GIVEN DATA —
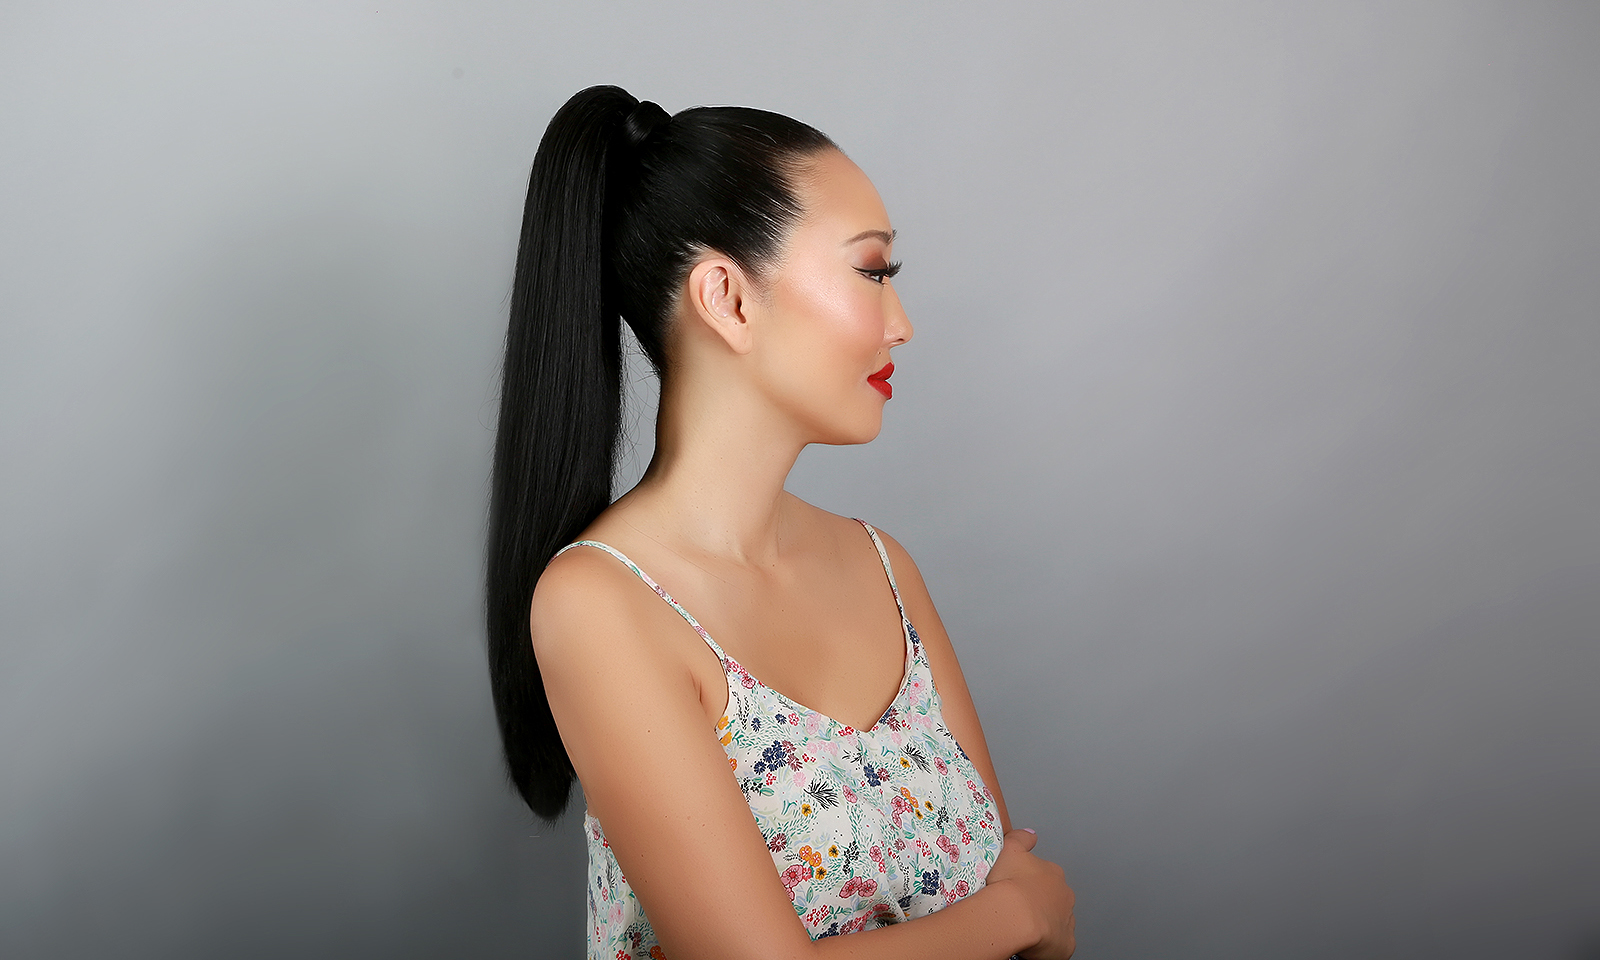 Candace-Kita-High-Ponytail-Yaniv-Katzav-VGM, Get the Khloe Kardashian-Inspired High Ponytail!
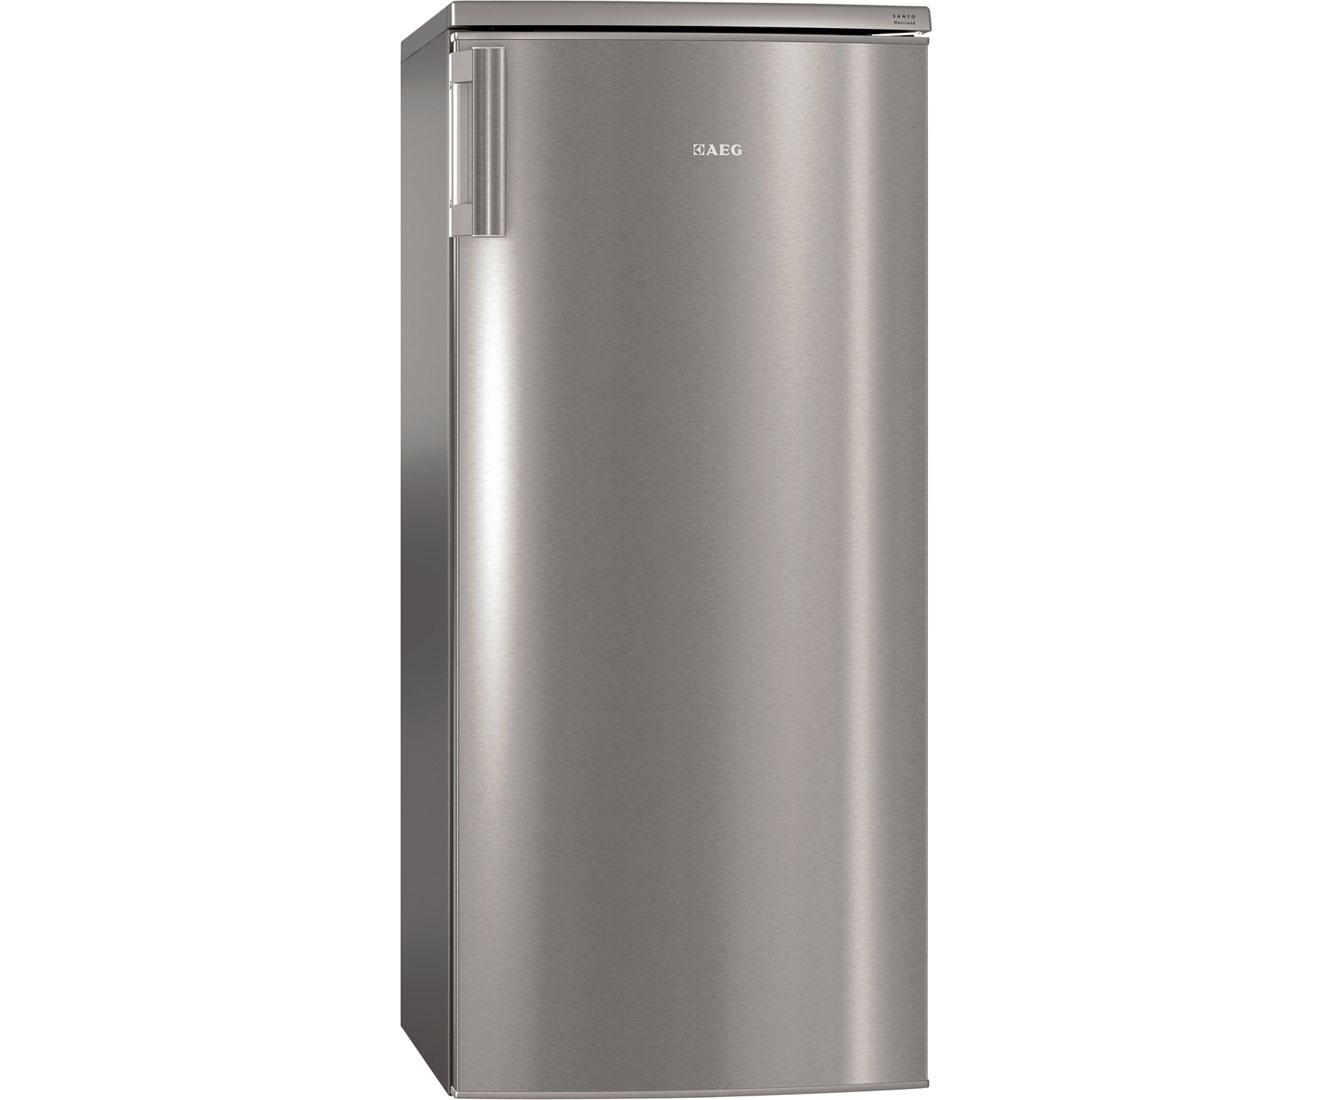 Aeg Kühlschrank Zu Laut : Aeg santo s kss kühlschrank edelstahl silber a
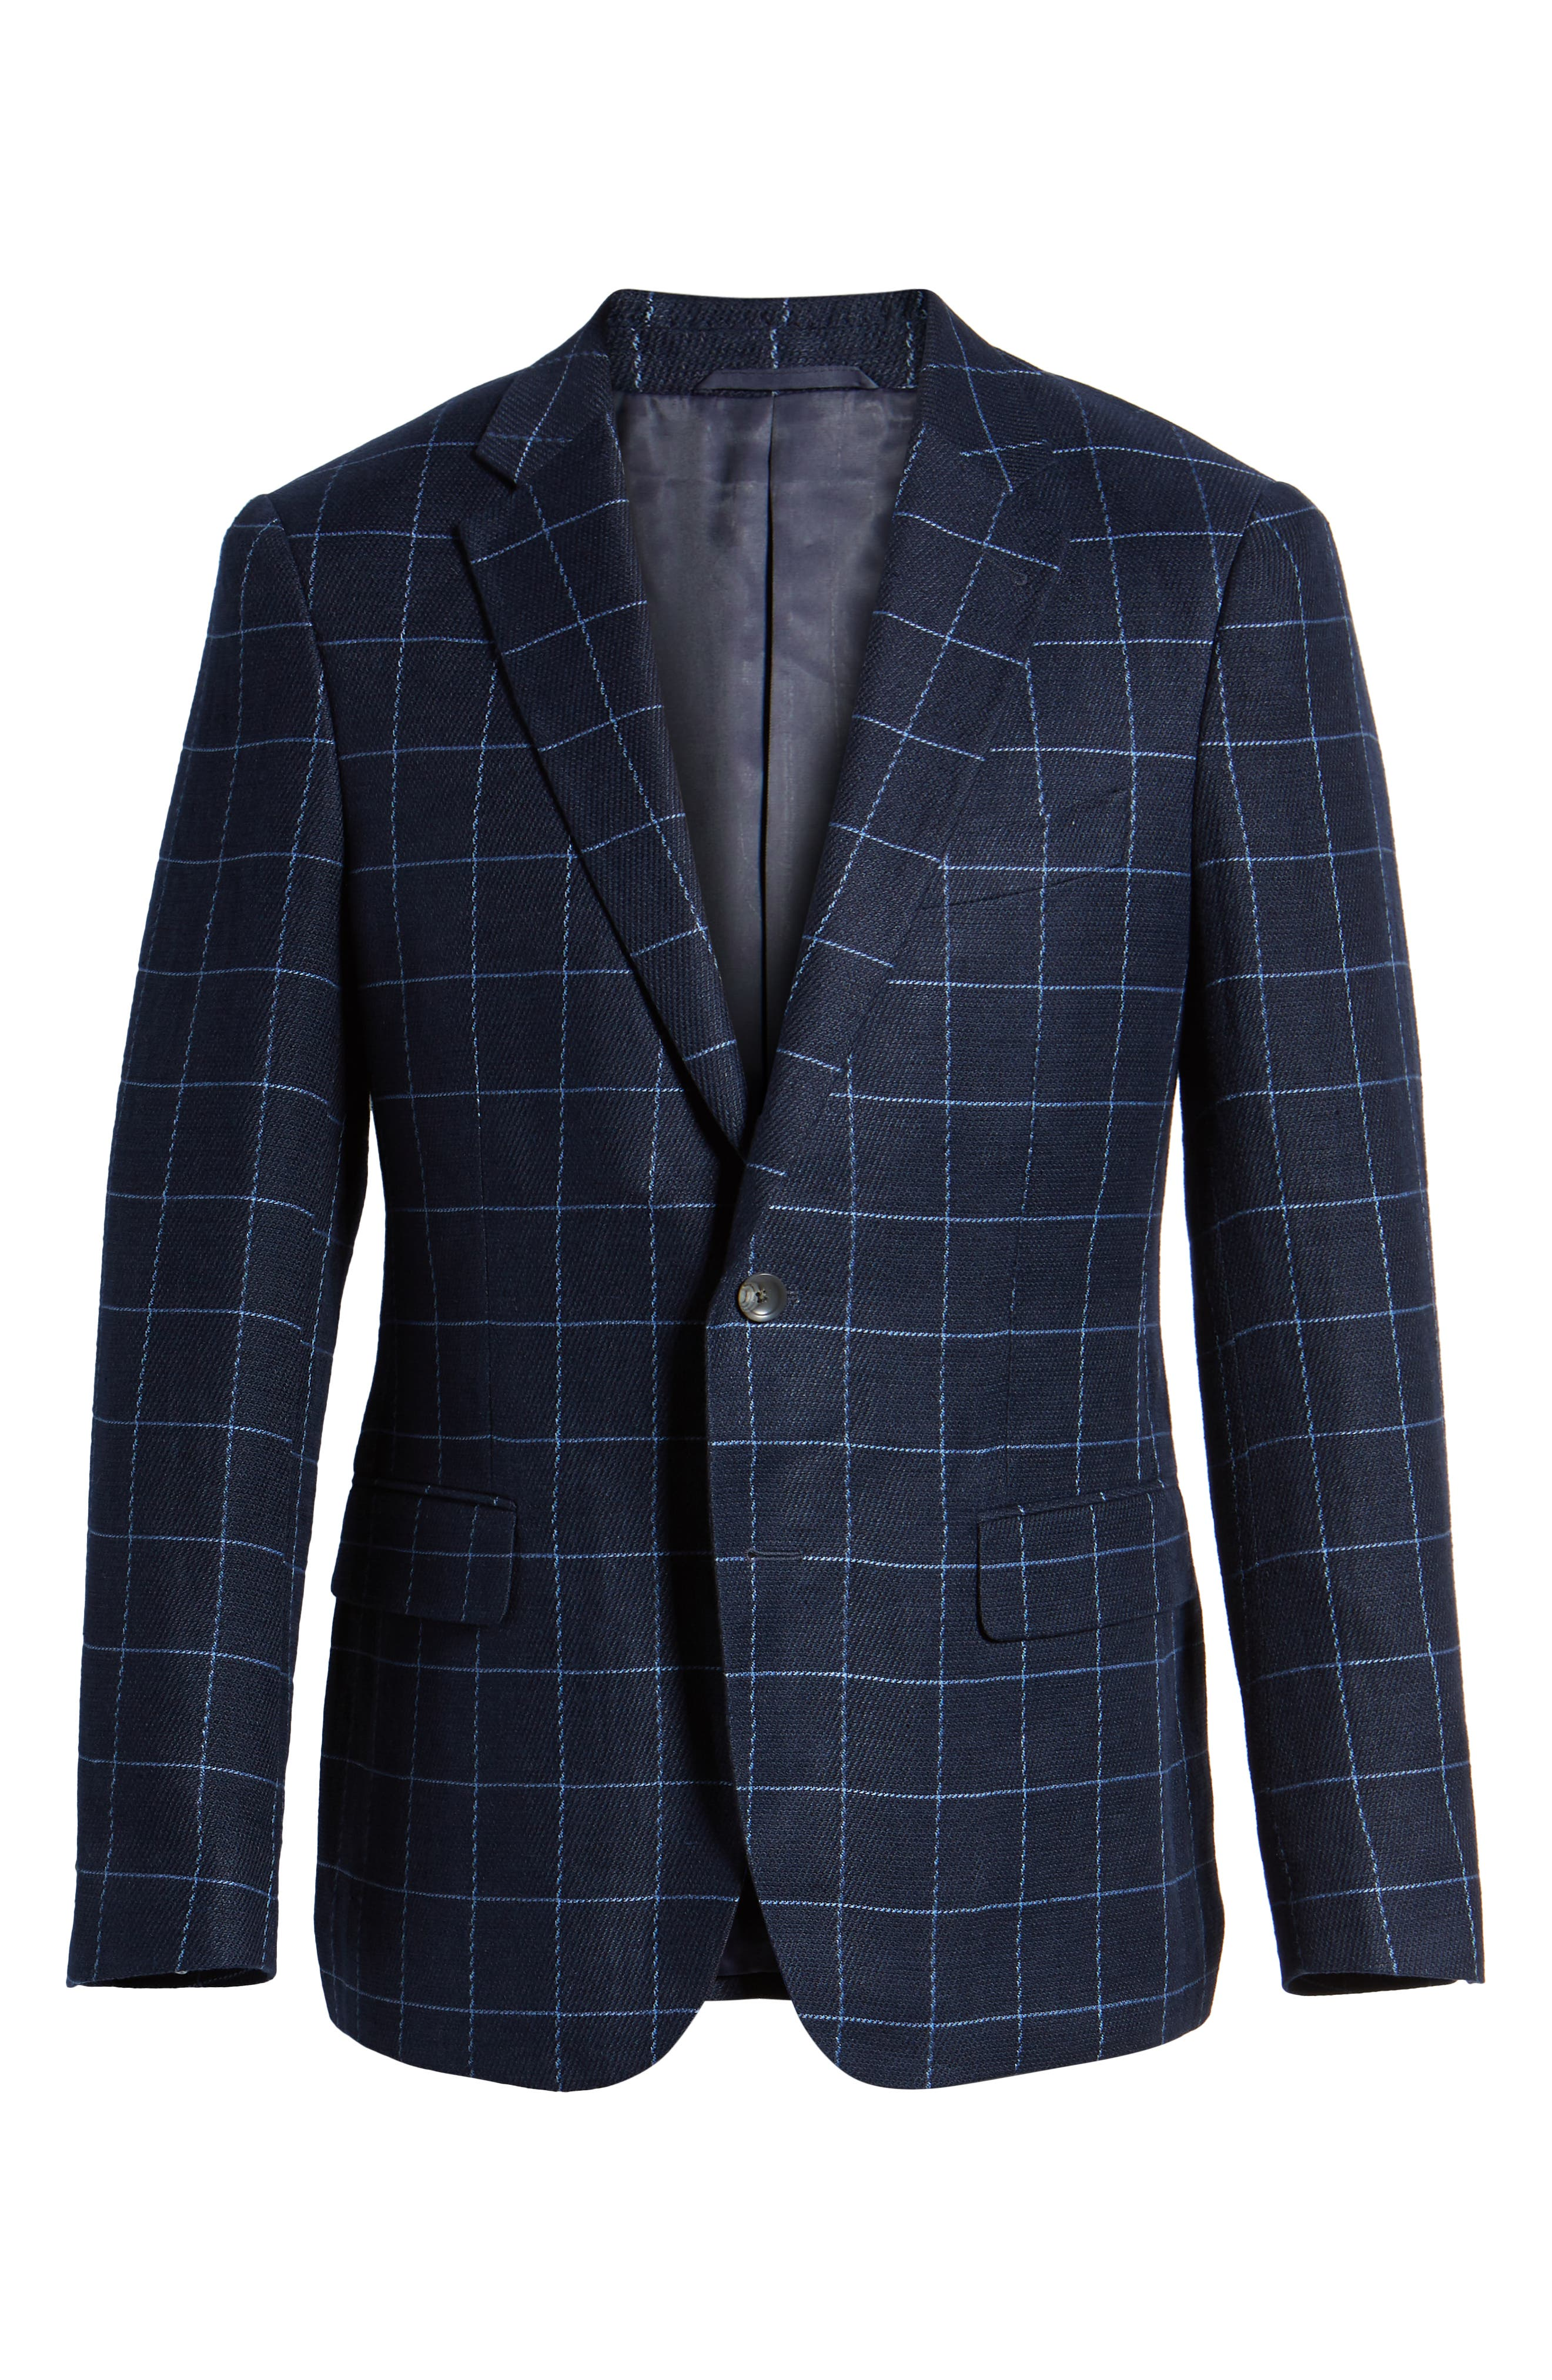 Underwood Regular Fit Sport Coat,                             Alternate thumbnail 5, color,                             NAVY

YOUR OBJECTIVE — Apart from the pictures, repeat the data above exactly.

RESPONSE —
 Candace-Kita-High-Ponytail-Yaniv-Katzav-VGM, Get the Khloe Kardashian-Inspired High Ponytail!
 Aeg Kühlschrank Zu Laut : Aeg santo s kss kühlschrank edelstahl silber a
 Underwood Regular Fit Sport Coat,                             Alternate thumbnail 5, color,                             NAVY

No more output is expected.